A sequence model consumes ordered data:

text
x_1, x_2, ..., x_T

and predicts outputs:

text
y_1, y_2, ..., y_T

or a future:

text
x_{T+1:T+H}

In AV systems, sequences appear everywhere:

  • Camera frames.
  • LiDAR sweeps.
  • Radar tracks.
  • BEV occupancy history.
  • Ego states and controls.
  • SLAM keyframes.
  • Map updates over weeks.
  • Agent trajectories.

The central design question is how information from the past influences the present.

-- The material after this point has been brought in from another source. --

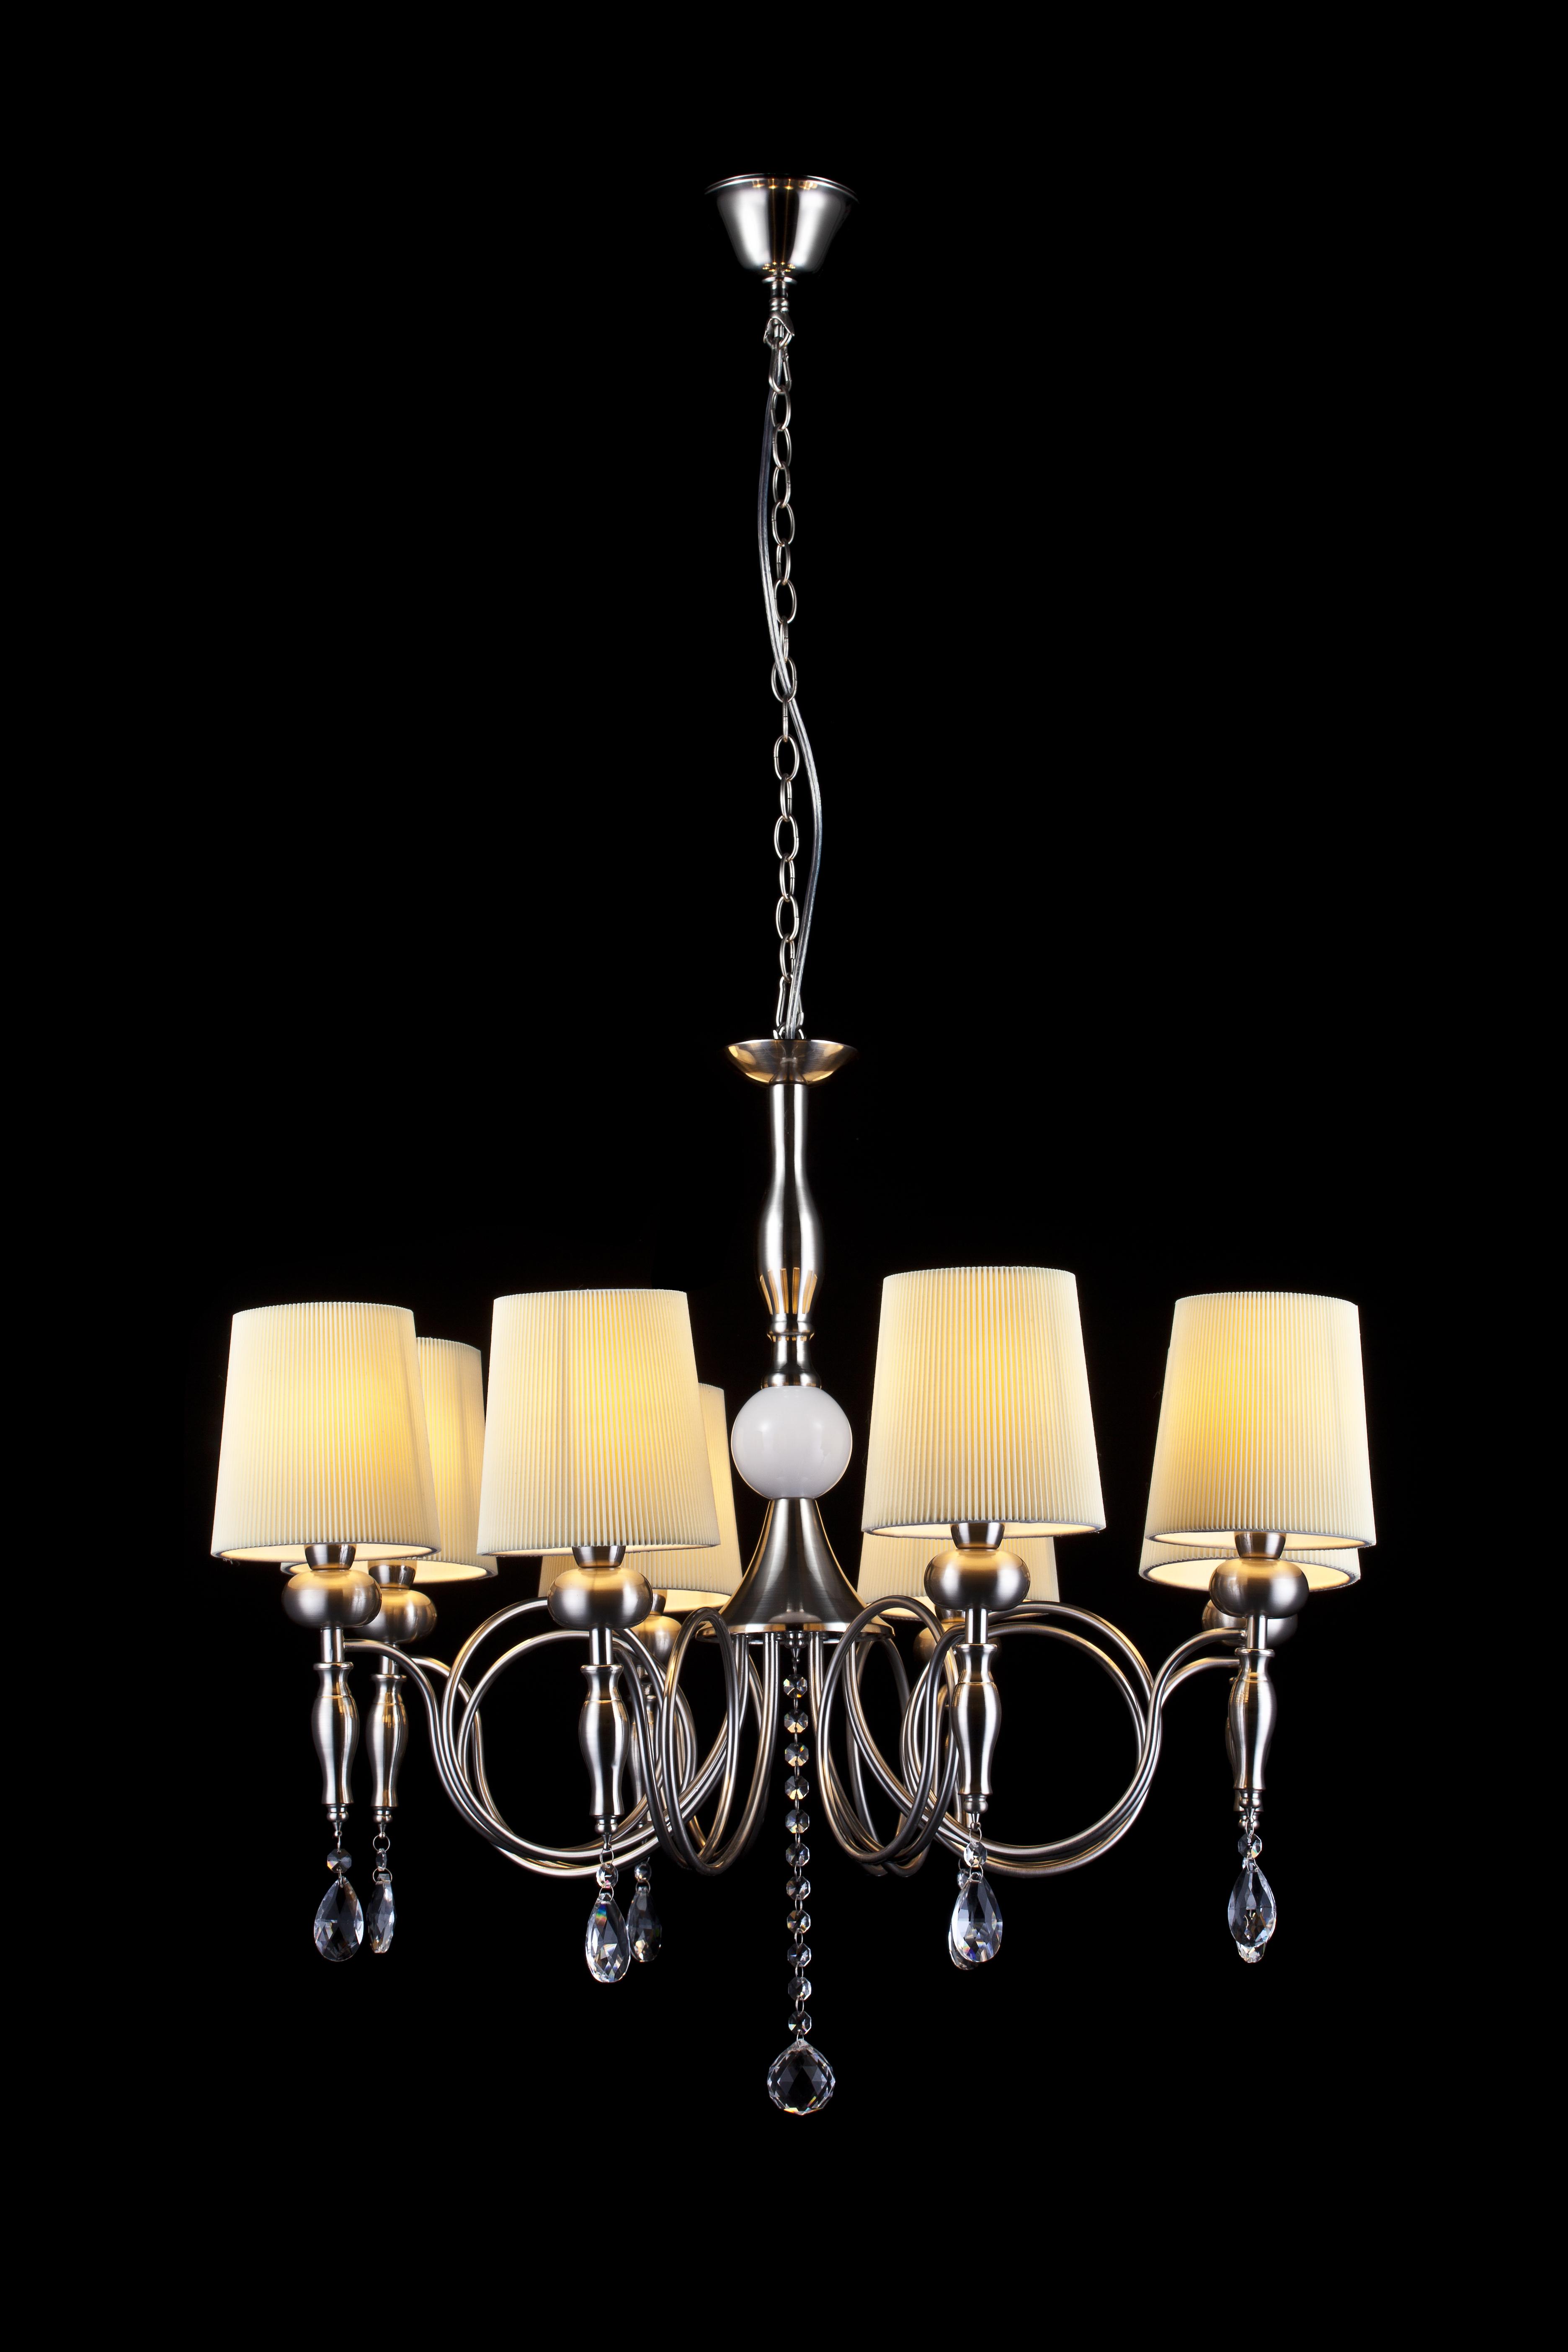 Egyptian Style Modern Crystal Lighting

2. RNNs: Fixed-Size Learned Memory

A recurrent neural network maintains a hidden state:

text
h_t = f(h_{t-1}, x_t)
y_t = g(h_t)

The hidden state is a fixed-size memory of the past. This is efficient:

text
Inference memory: O(d)
Per-step compute: O(d^2)

But simple RNNs struggle with long-range dependencies because gradients vanish or explode through many recurrent steps.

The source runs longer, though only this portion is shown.